Team 102 is shaping up to be one of the most interesting groups John Beilein has coached at Michigan.
The Wolverines could be good down the road. According to Beilein, they aren’t “very good right now.” There’s plenty of variance.
Thursday afternoon, one day before the Wolverines’ exhibition against Grand Valley State, Beilein commented on the challenges he’s faced with this team.
There are a lot of new faces. Michigan could face a “100 percent remodel” if injuries to key players occur. Beilein has had to dial things back for younger players.
The other day, in a secret scrimmage against Toledo, he called a play that he’s “used for years” — and then realized it might not work, because he doesn’t have Derrick Walton Jr., Trey Burke or Darius Morris on the roster.
Who he does have is Moritz Wagner. And though Beilein wouldn’t name his starting lineup for Friday’s exhibition, he did say that Wagner will start. The junior forward is no longer a wildcard, like he was his first two years. Michigan needs him to be a sure thing. And Wagner certainly seems to understand that.
He’s the man now, and he’s had to adjust accordingly.
“(Wagner’s) definitely grown tremendously and really embracing leadership,” Beilein said Thursday afternoon. “That was one of the things, when he decided that he was going to continue with his career at Michigan and not go to the NBA, was, ‘Coach, I want to lead this team.’
“It’s great to have that and at this point, there’s far less maintenance in practice to get him back focused, whether it was a bad foul (or a bad play).”
The Wolverines will need Wagner’s scoring. They’ll need him to rebound, perhaps more than he has in the past. They’ll need him to make more plays. And they’ll need him to continue developing as a leader like he already has throughout the offseason.
Wagner pointed to Walton and Caris LeVert as players whose example he’s followed. He said the way Walton changed his mentality halfway through last season — “like a switch” — was very impressive. Just as impressive was the way LeVert led Michigan two years ago.
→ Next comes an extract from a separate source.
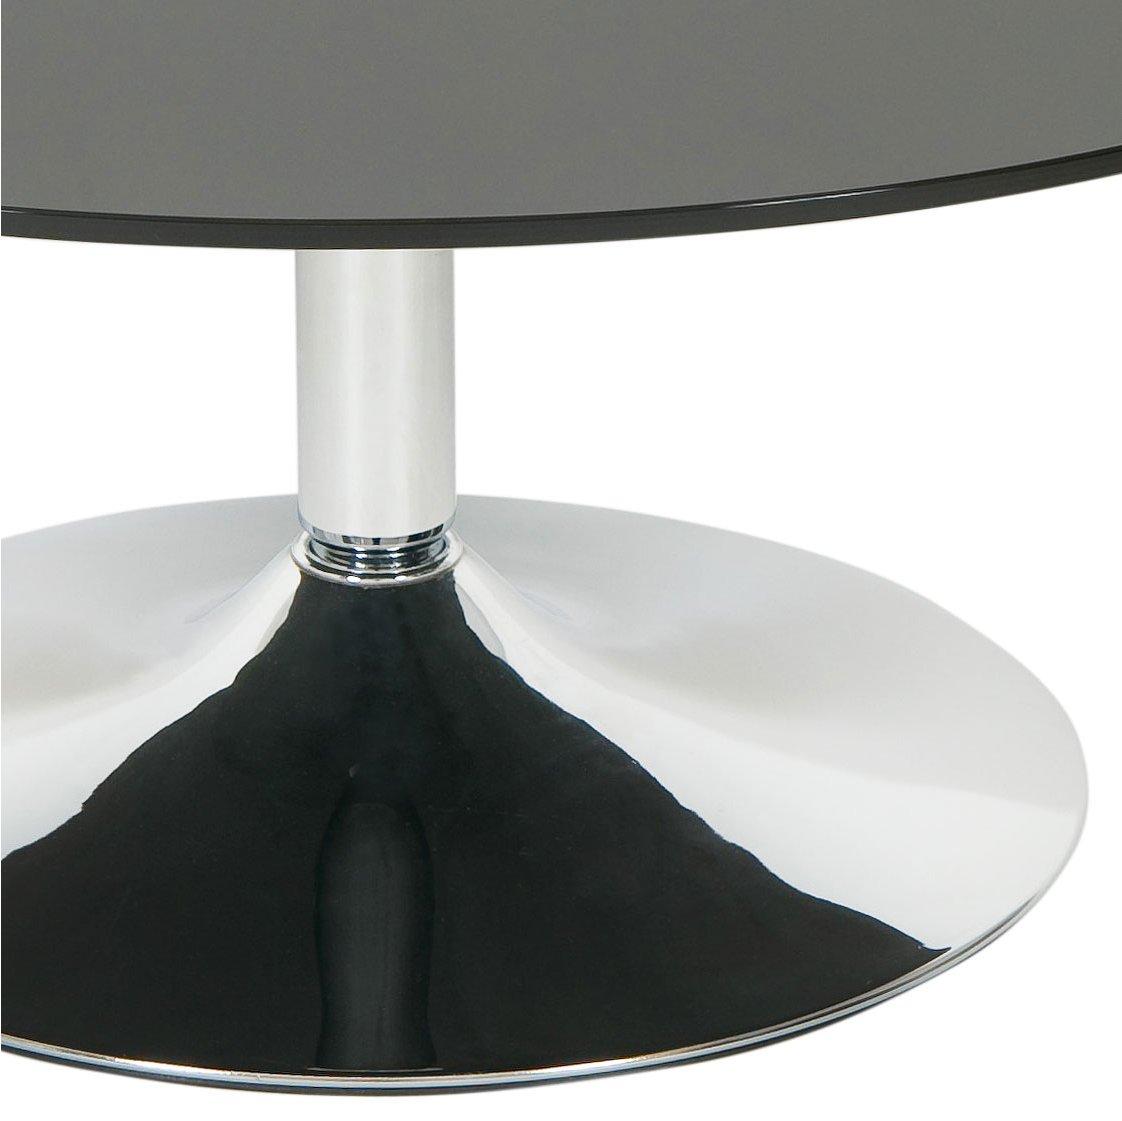 Black Glass Round Coffee Table: LEVV ROCOFBC Roma Black Glass Round Coffee Table

“I always think back to how Caris led this team my freshman year was very impressive just for me,” Wagner said. “… Seeing that for the first time in my life, how the dude just led the team by not even talking a lot, just doing his thing and being responsible and being very sharp in what he’s doing.”
As Wagner said Thursday, he’s always been a talker. But he wouldn’t call himself a born leader. It’s a different mentality, Wagner says. And he’s had to embrace his new role by being more responsible in everything he does. He doesn’t have the ability to check out mentally after making mistakes in practice. He’s held accountable this year for those types of lapses — and he has to hold others accountable, as well.
“We had a moment yesterday where I made a mistake,” recalled fifth-year senior forward Duncan Robinson. “And as the coaches say, I was ‘carrying the suitcase’ and carrying the play with me. (Wagner) actually got on me about it to have that next play mentality.
“I thought, ‘Wait, that’s usually me saying that to you.’ So I think he’s grown a lot in that area — just his emotional maturity.”
Wagner was asked whether he carries a chip on the shoulder, considering Michigan is often overlooked at the beginning of the year. He said he definitely does — that he enjoys being the hunter.
And yes, the Wolverines could certainly be seen as the hunter. But for Wagner himself, that isn’t the case anymore. Whether he likes it or not, he’s facing serious expectations now, both on and off the court.
Wagner said Thursday that he doesn’t see the “leader thing” as a big deal. But the fact remains: he’s made serious strides in that area since last season. And for a team with a lot of question marks, that’s surely a good sign from one of Michigan’s few sure things.